Resemblance-based Model

Automated Similarity Judgement Program (ASJP)

Automated Similarity Judgement Program (ASJP), is a programme under the resemblance-based method, that compares two languages at a time for lexical similarity. In this research by (Brown, Holman, Wichmann & Velupillai, 2007), ASJP database consists of 100-item list of core vocabulary from a number of distributed languages, depending on the sample used by researchers. This is known as Swadesh 100-item list of core vocabulary, in which a hundred glosses or meanings are used to be comparatively analysed. This is to establish when was the point whereby two related languages started to deviate from one another and separate into different branches. “Core vocabulary” would necessarily mean words for things that appear common in the environment of human beings such as body parts, colours, and natural objects such as sun, water, rain and etc (Brown, Holman, Wichmann & Velupillai, 2007).

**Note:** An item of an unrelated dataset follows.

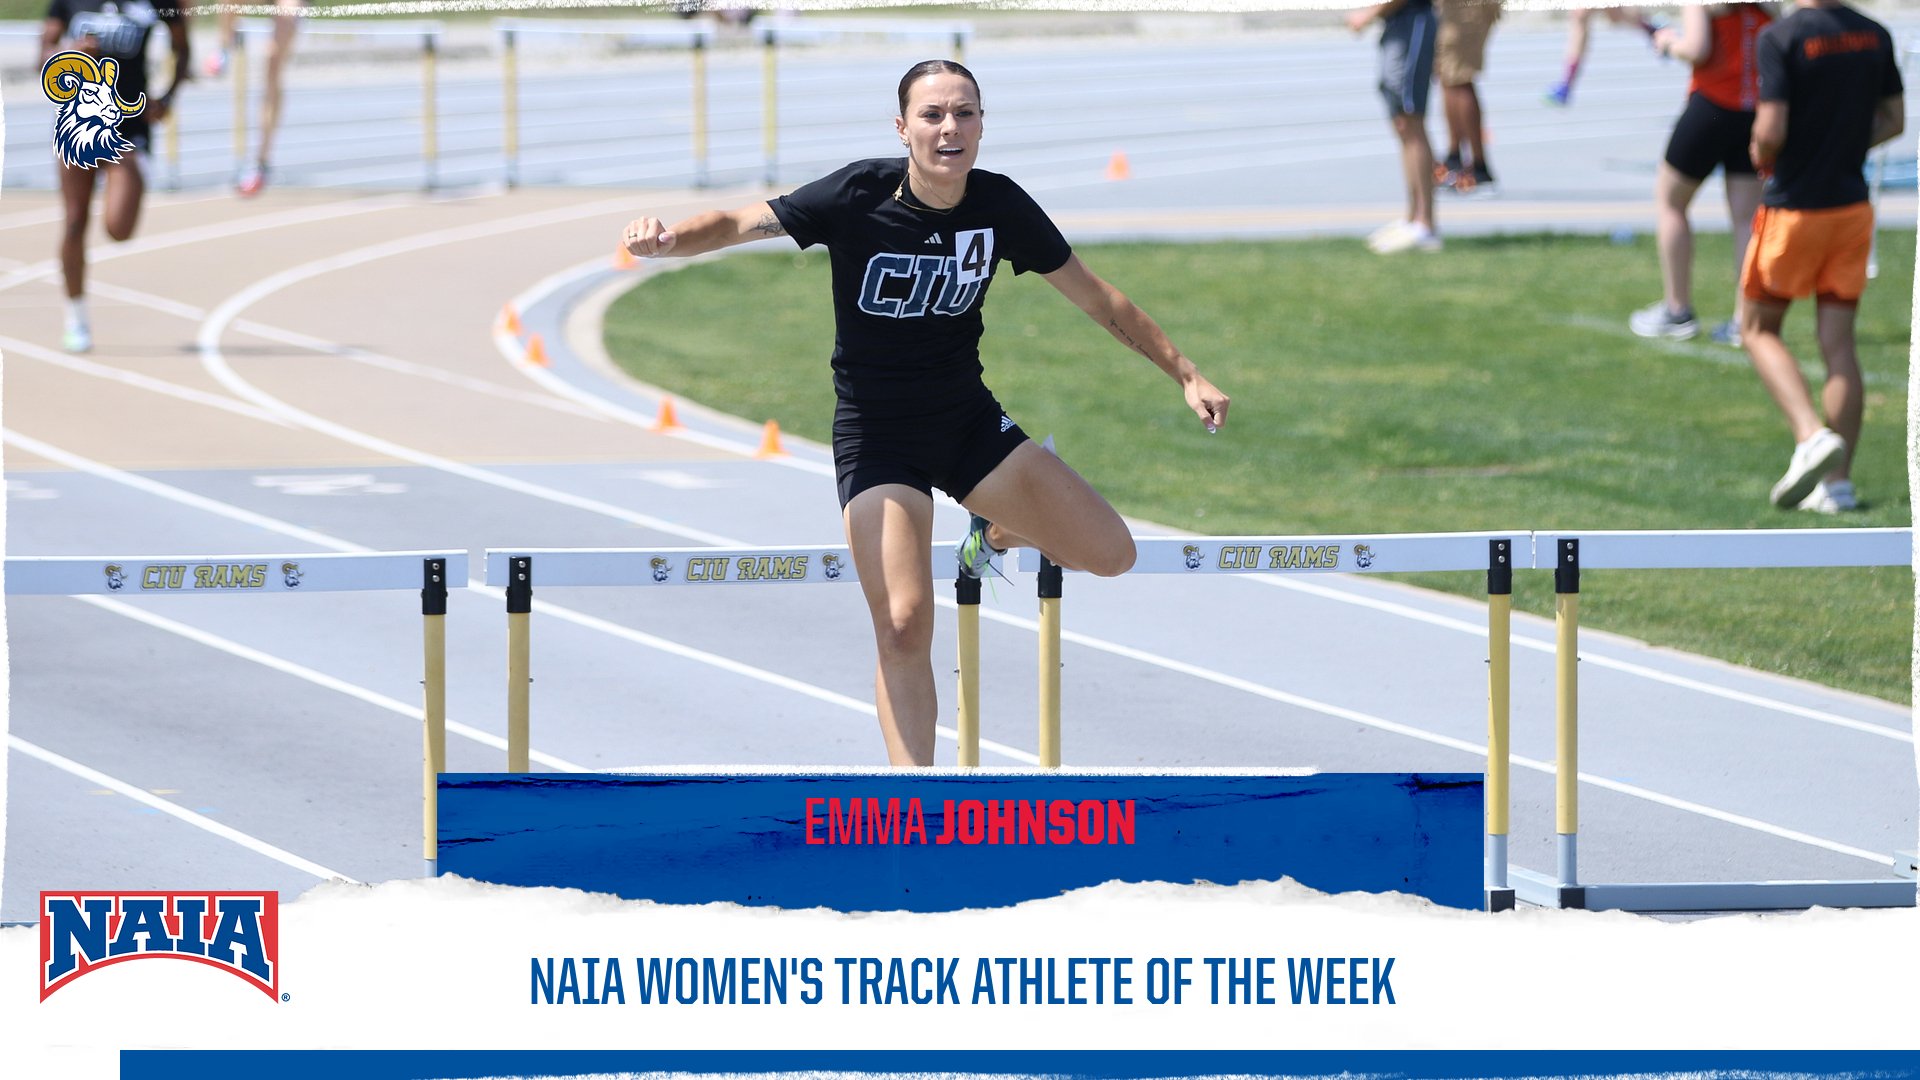 CIU's Johnson Earns NAIA Track Athlete of the Week Honors

There are 5 steps to ASJP. First and foremost, ASJP produces Lexical Similarity Percentage (LSP) for every pair of languages that are being compared. LSP is calculated by using a formula. ASJP would detect the number of items on the list (Swadesh 100-item list of core vocabulary) in which two compared languages have words that are phonologically similar. This number of items would then be divided by the number of meanings on list for which both of the languages have words for the particular vocabulary. Thereafter, the result would be multiplied by 100. Last but not least, LSP would be corrected for confounding factors and this results in Subtracted Similarity Percentage (SSP). SSP that is generated form a database to producing ASJP trees for languages.

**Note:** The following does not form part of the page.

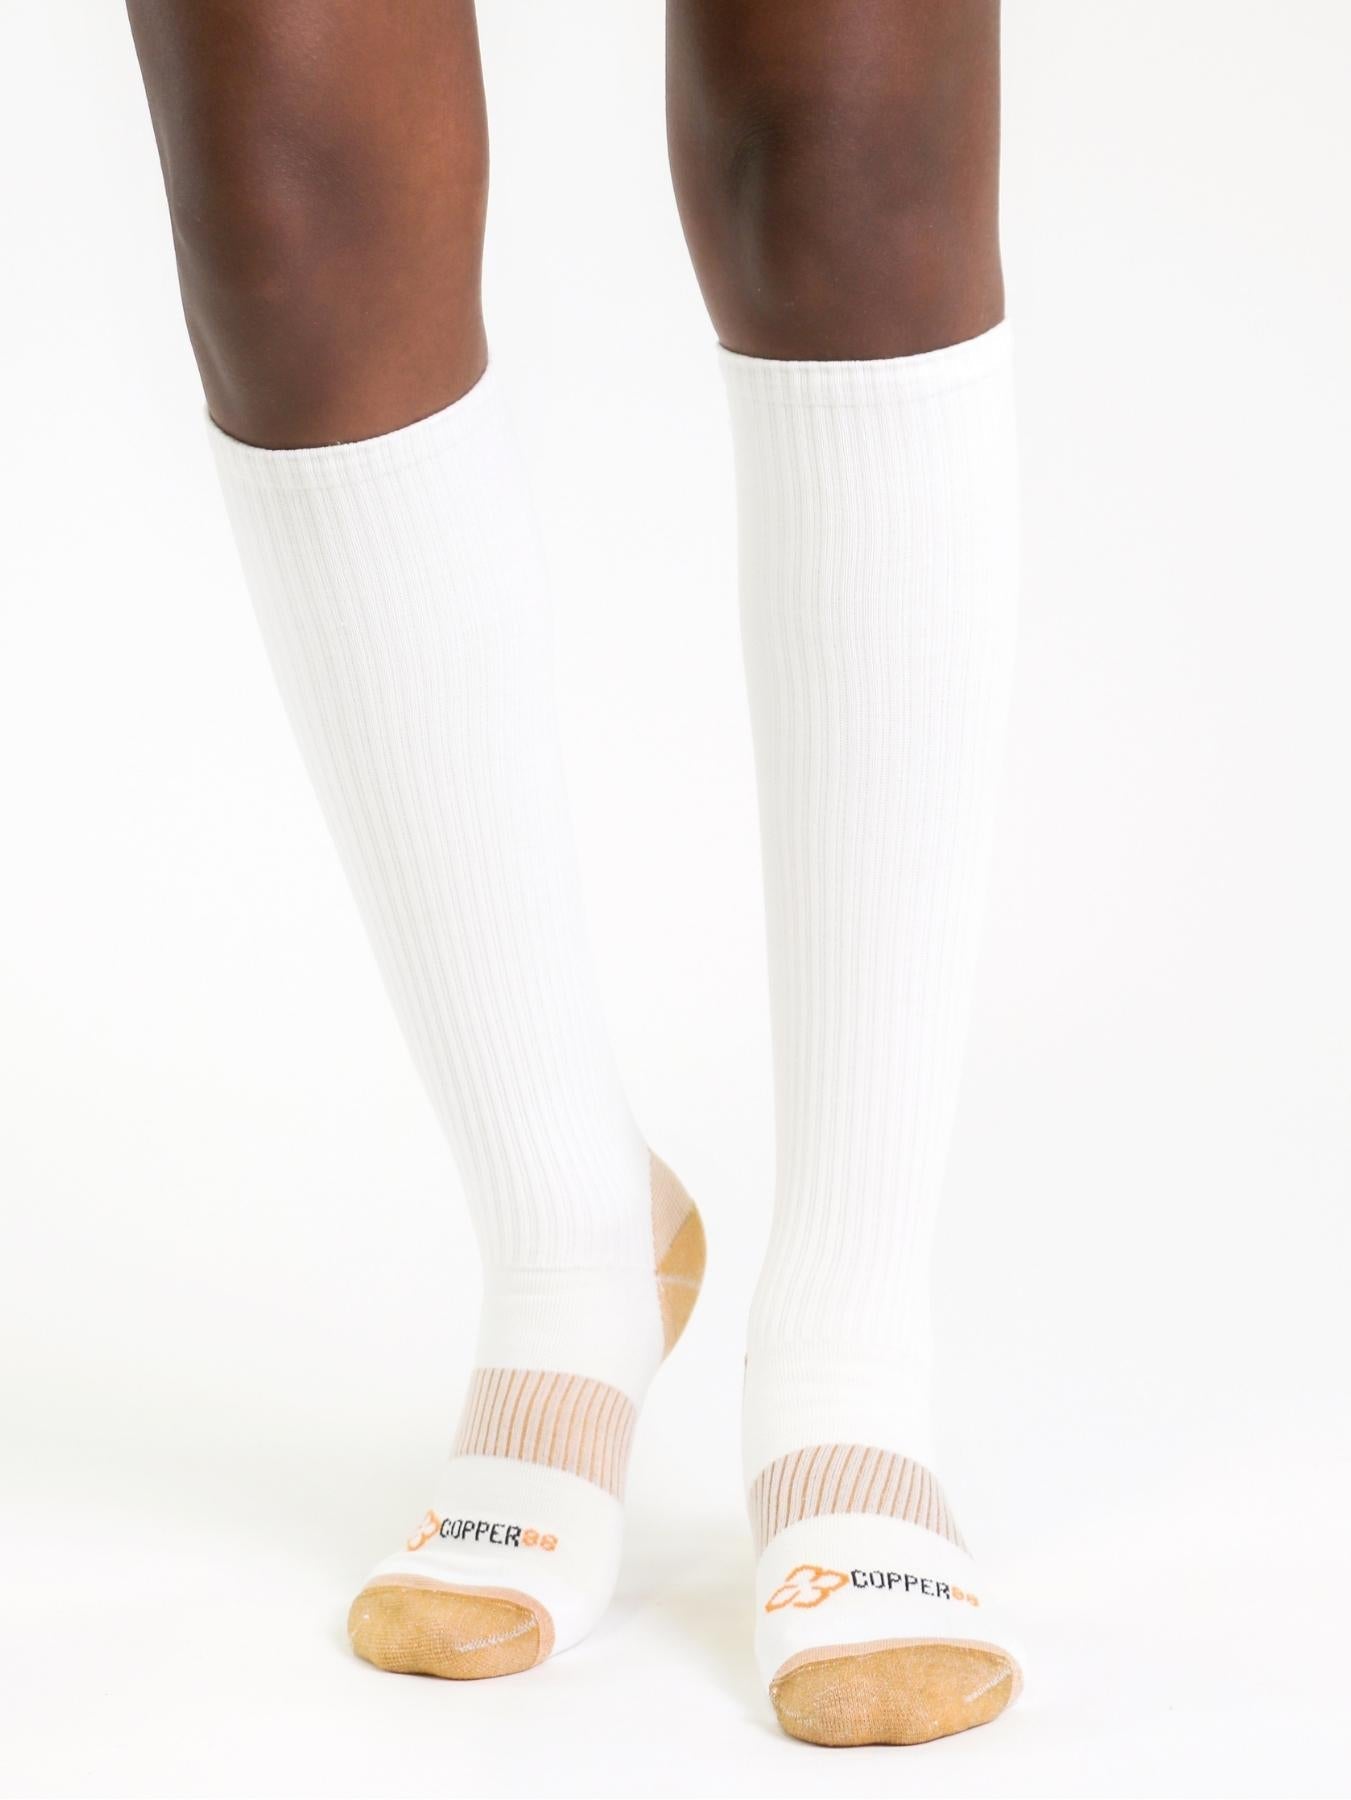 Copper Compression Knee Socks (White) - Ladies

A diagram of ASJP would look like the following:

1.1 100-item list

For this particular research, only a subset of 100-item list of (Swadesh, 1955) consisting of 40 most stable items are being used. The method for measuring stabilities is described in (Holman, Wichmann, Brown, Velupillai, Müller & Bakker, 2008).

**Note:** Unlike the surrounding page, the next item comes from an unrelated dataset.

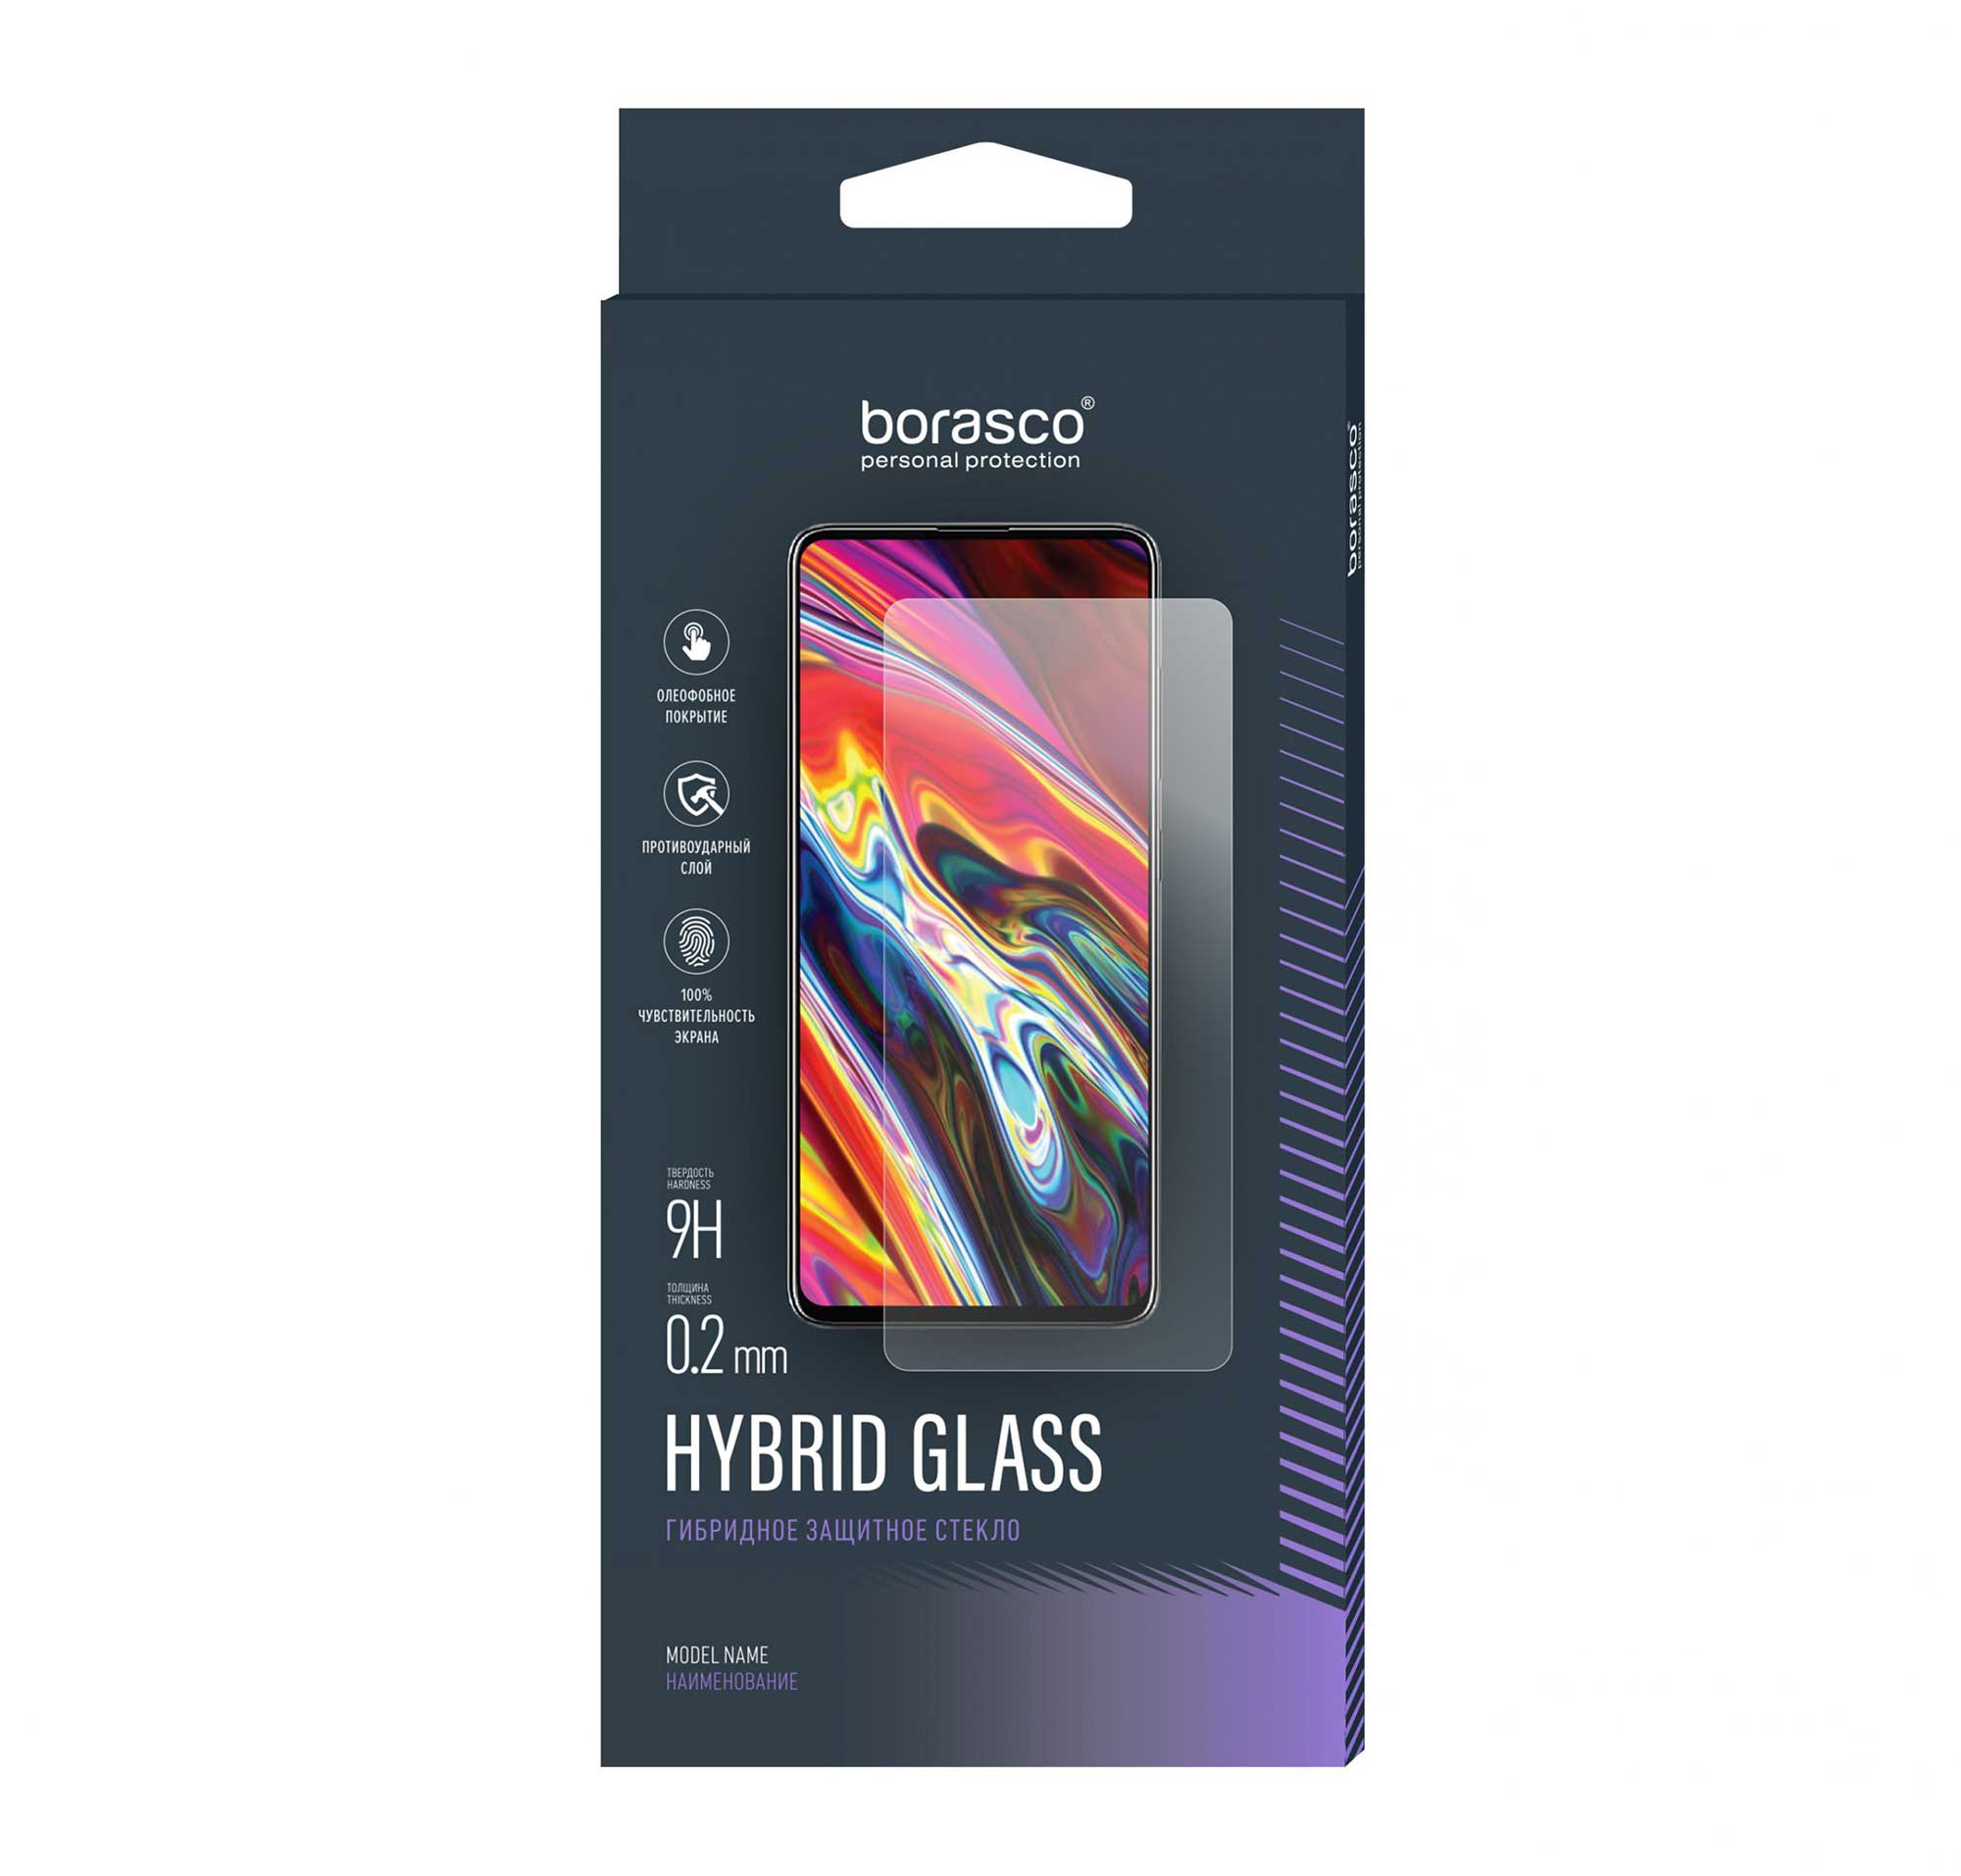 Защитное стекло BoraSCO Hybrid Glass для BQ 4030G NICE MINI матовая защитная гидрогелевая пленка на bq 4030g nice mini бикью 4030g nice mini

Blood Bone Breast Come Die Dog Drink Ear
Eye Fire Fish Full Hand Hear Horn I
Knee Leaf Liver Louse Mountain Name New Night
Nose One Path Person See Skin Star Stone
Sun Tongue Tooth Tree Two Water We You (sg)

1.2 ASJP Orthography

Languages around the world have different writing systems which might not be an effective way to compare vocabularies for lexical similarity. Therefore, there is a need to assemble words into a uniformed, standard orthography. With the help of International Phonetic Alphabet (IPA) symbols, the vocabulary items will be simplified. A unique feature of ASJP orthography is that it consists symbols found on QWERTY keyboard that is commonly used for English Language. The underlying reason behind this is that the ASJP symbols correspond with many sounds. It is constructed to represent all sounds that appear common to languages around the world. In some languages, there are sounds that are less common and are not precisely recognised in the orthography. Such rare sounds would then be identified by the ASJP symbol that is closest to the place and manner of articulation of those sounds. It is also worth to note that the ASJP procedure is not time consuming. Most of the processes, such as formulating a standardized orthography often takes less than an hour (Brown, Holman, Wichmann & Velupillai, 2007).

1.3 ASJP Formula

1.3.1 Lexical Similarity Percentage (LSP)

No. of items on 100-item list that are phonologically similar
No. of meanings on list in which both languages have words     X     100

1.3.2 Subtracted Similarity Percentage (SSP)

Subtracted Similarity (%) – Lexical Similarity (%)  = Phonological Similarity (%)

2.4 ASJP Trees

asjp

 

Figure 1. ASJP Tree for Indo-European Languages
(Brown, Holman, Wichmann & Velupillai, 2007).

 Figure 1 illustrates the ASJP tree for certain Indo-European languages. It is imperative to note that the tree generated is not the full representation of the language families. This is due to the fact that only languages that are used in a particular research for comparative analysis will be reflected in the tree. It is evident that languages that are found on the same branch, such as German and English are more lexically similar as compared to those of different branches, such as German and Irish. Upon the construction of these trees, researchers could then compare the results produced by ASJP with the trees that are manually constructed by Historical linguists. In this particular example, there has been a mutual agreement among researchers as to the relationship found between languages found in Indo-European.